As regards education, its purpose, as is now assumed, is to enable people to be “productive” within an industrial society. One must become literate in order to perform a function within this system. Whether in the acquisition or processing of raw materials; in the production or distribution of products in a manner that brings commercial profit; in the management of the entire process or finances; or finally in the spending of the net profit through the accumulation of wealth and its continued ownership and use. This means that the entire process of our lives is included in the industrial process. All professional careers today operate within the industrial-commercial establishment, even including education, medicine, and law.

In this new context of a viable human mode of being, the primary teacher, as well as the primary lawgiver and healer, would be the natural world itself. The integral Earth community would be a self-educating community within the context of a self-educating universe.
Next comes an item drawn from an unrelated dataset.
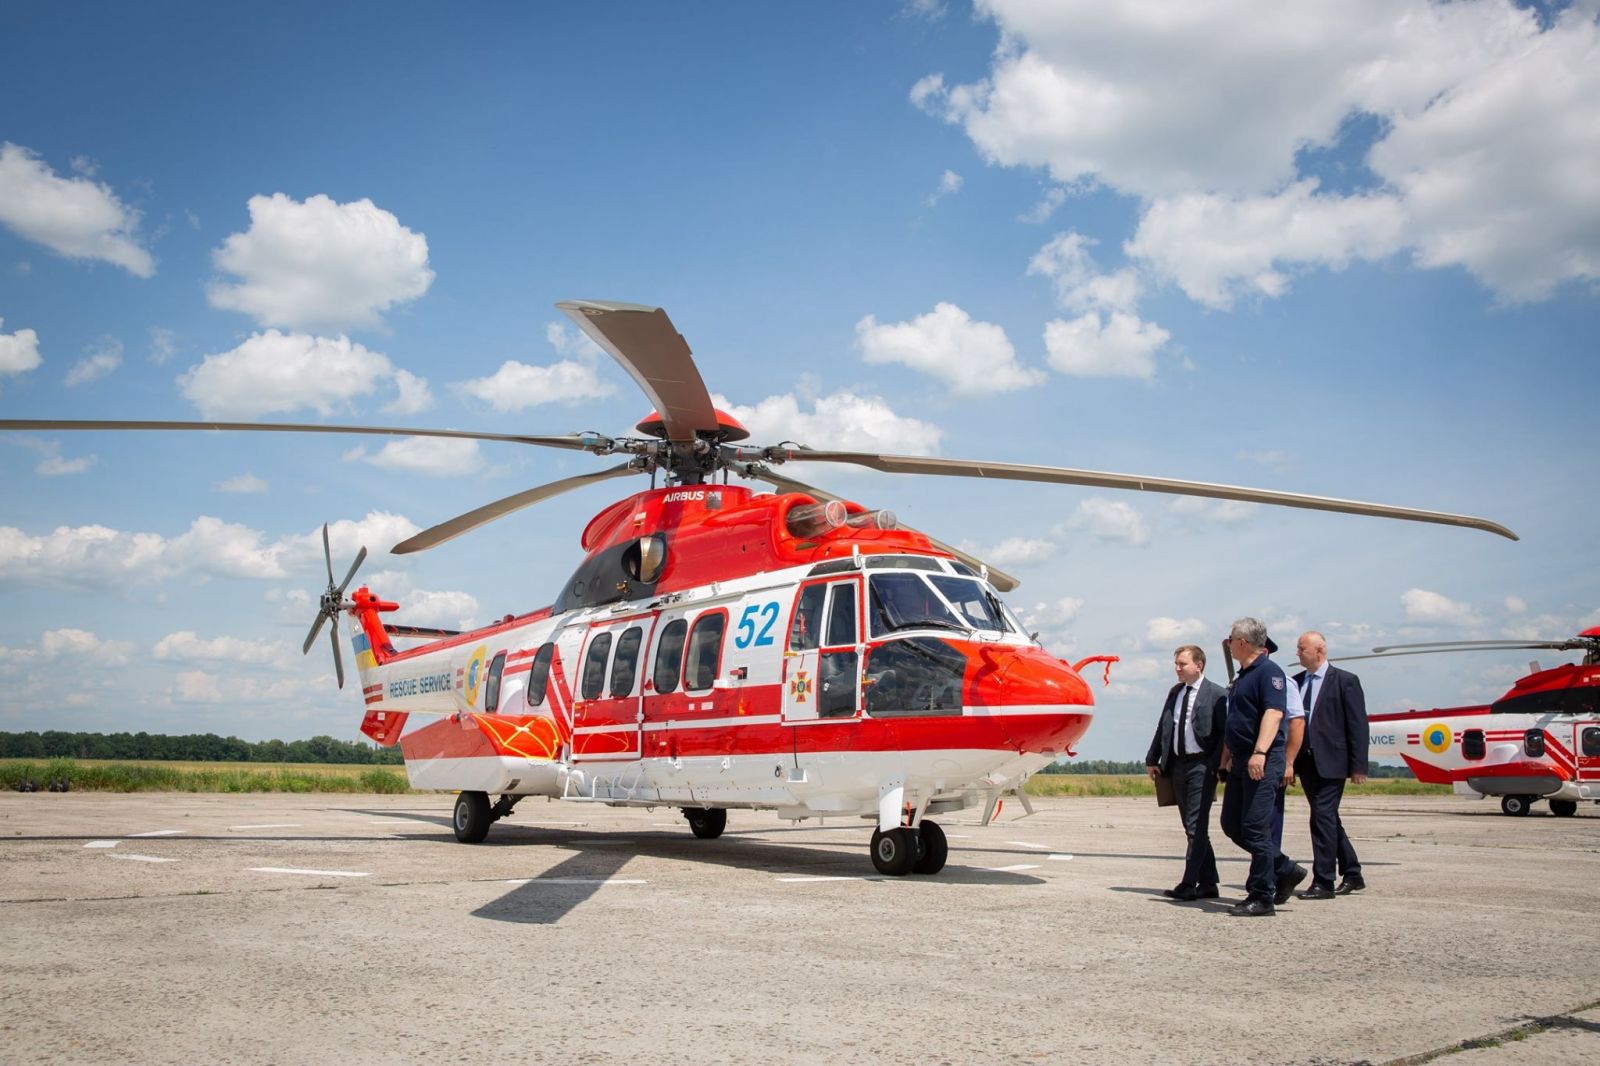 Новости техники: МВД получило из Франции вертолет Super Puma, фото — ГСЧС
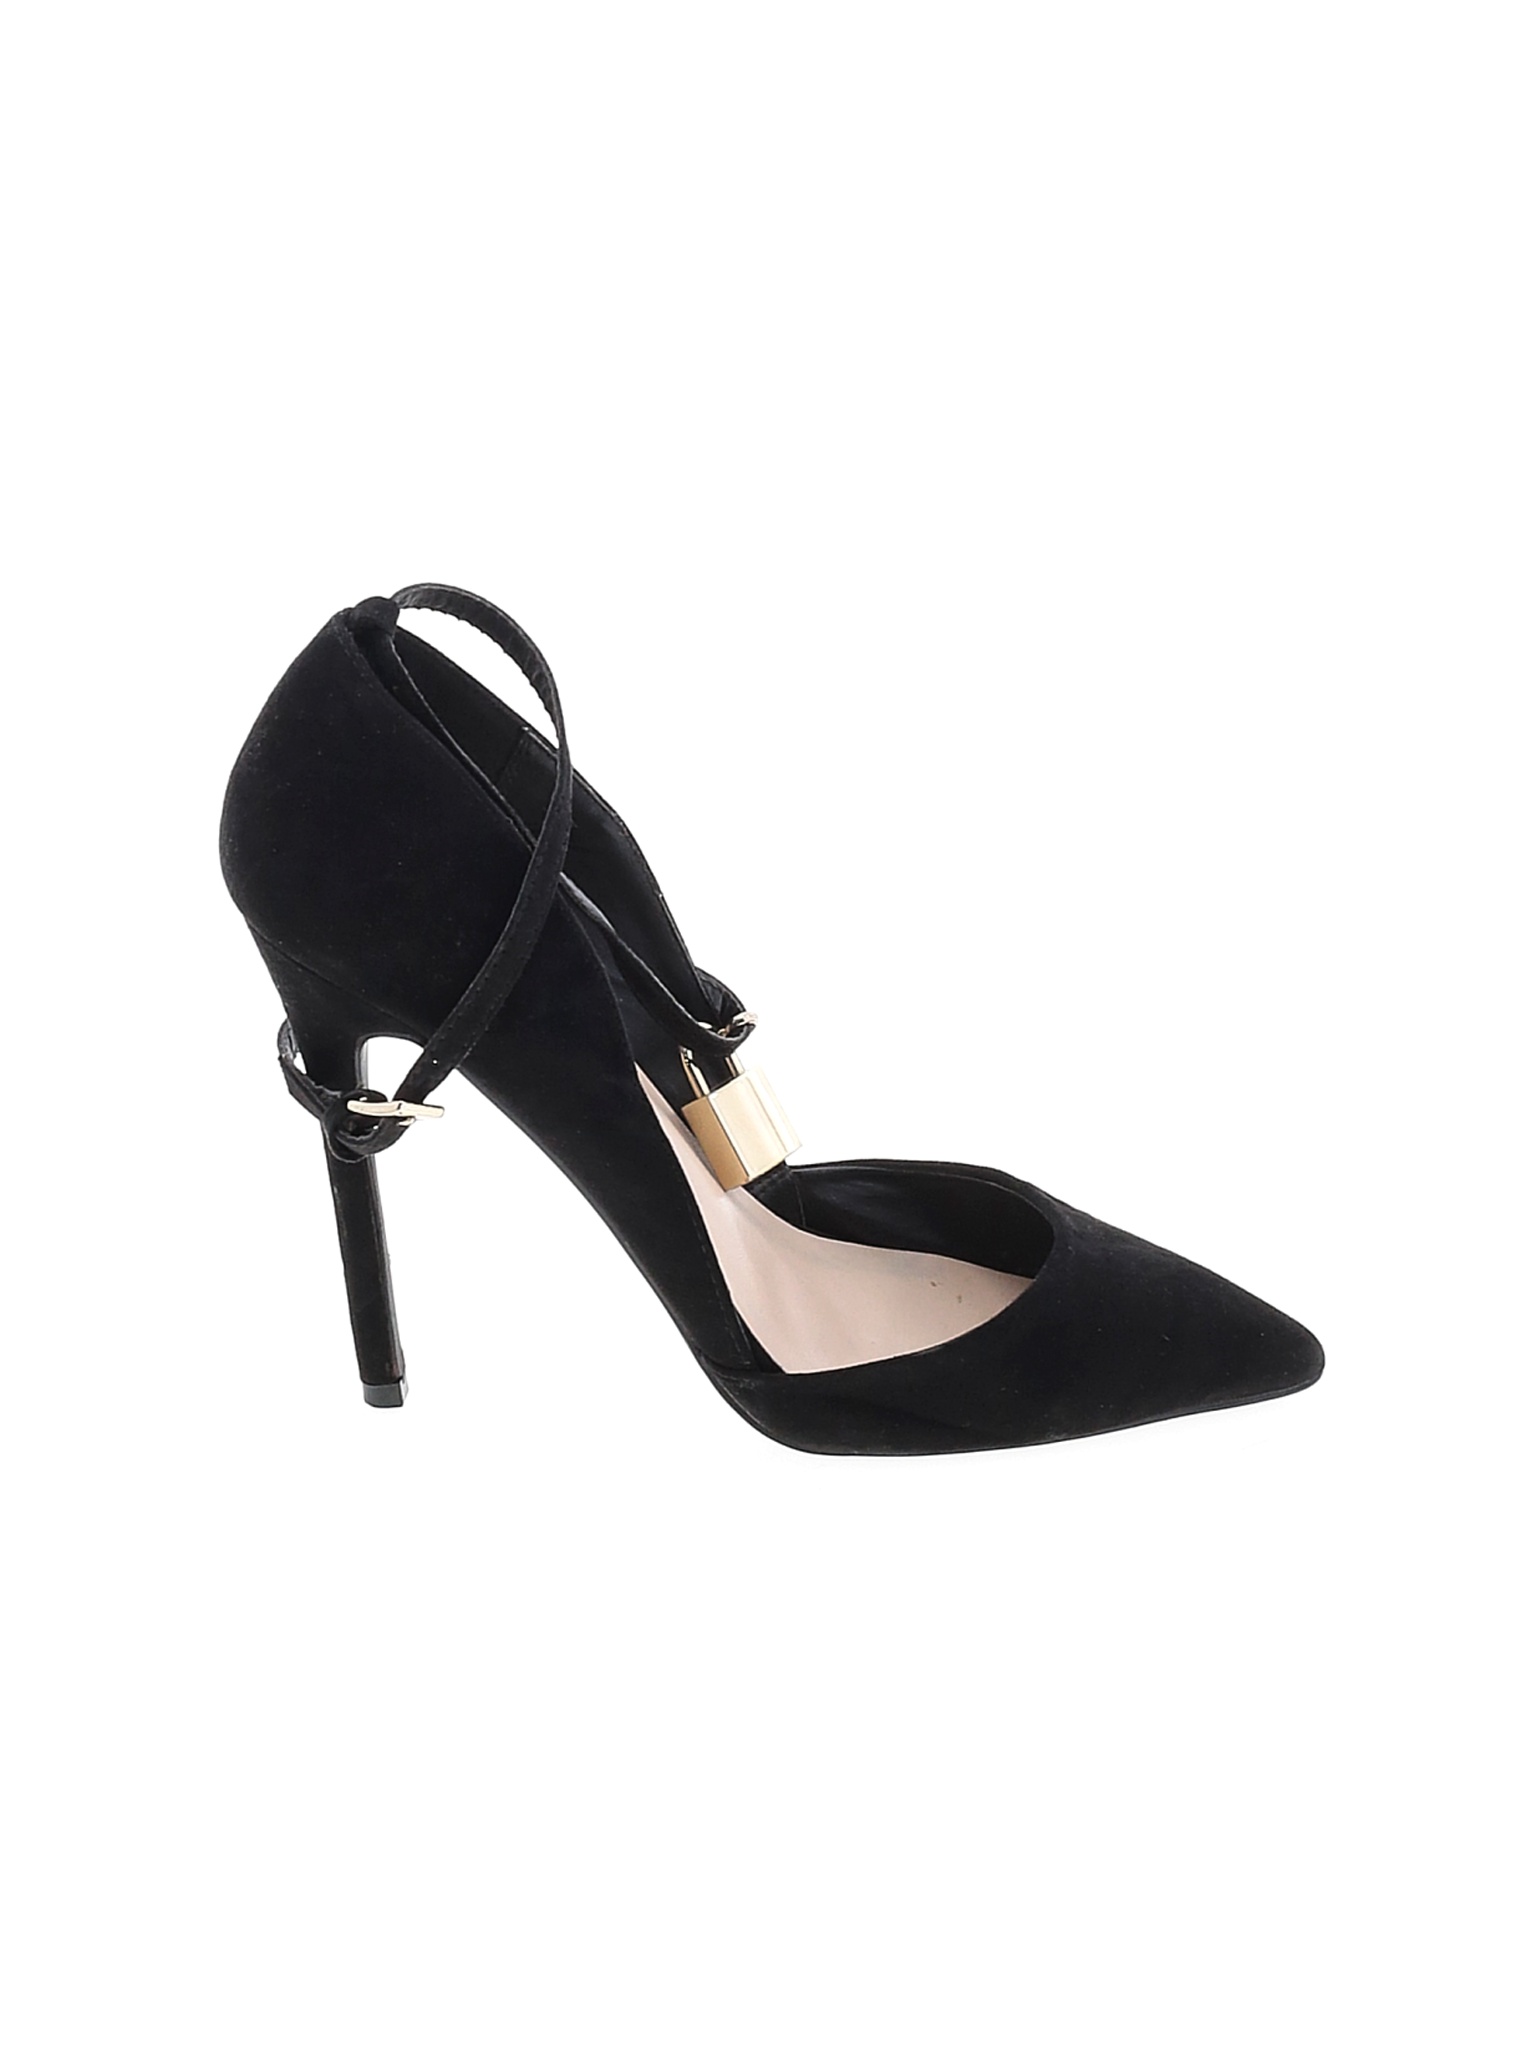 Shoedazzle Women Black Heels US 8.5 | eBay

Education at the human level would be about increasing our sensitivity to the profound communication created by the universe around us, the sun, moon and stars, the clouds and rain, the shapes of the Earth and all its living forms.

The music and poetry of the universe would flow into the student; and also a sense of the profound mystery of existence, as well as insight into the architecture of the continents and the governing powers that make the great hydrological cycles work in moderating the Earth's temperature and providing habitat and food for a vast array of living creatures.

This orientation to the natural world should be understood in connection with all our human activities. The earth would be our primary teacher in industry and economics. It would teach us a system in which we would create a minimum of entropy and in which there would be a minimum of useless or unproductive waste.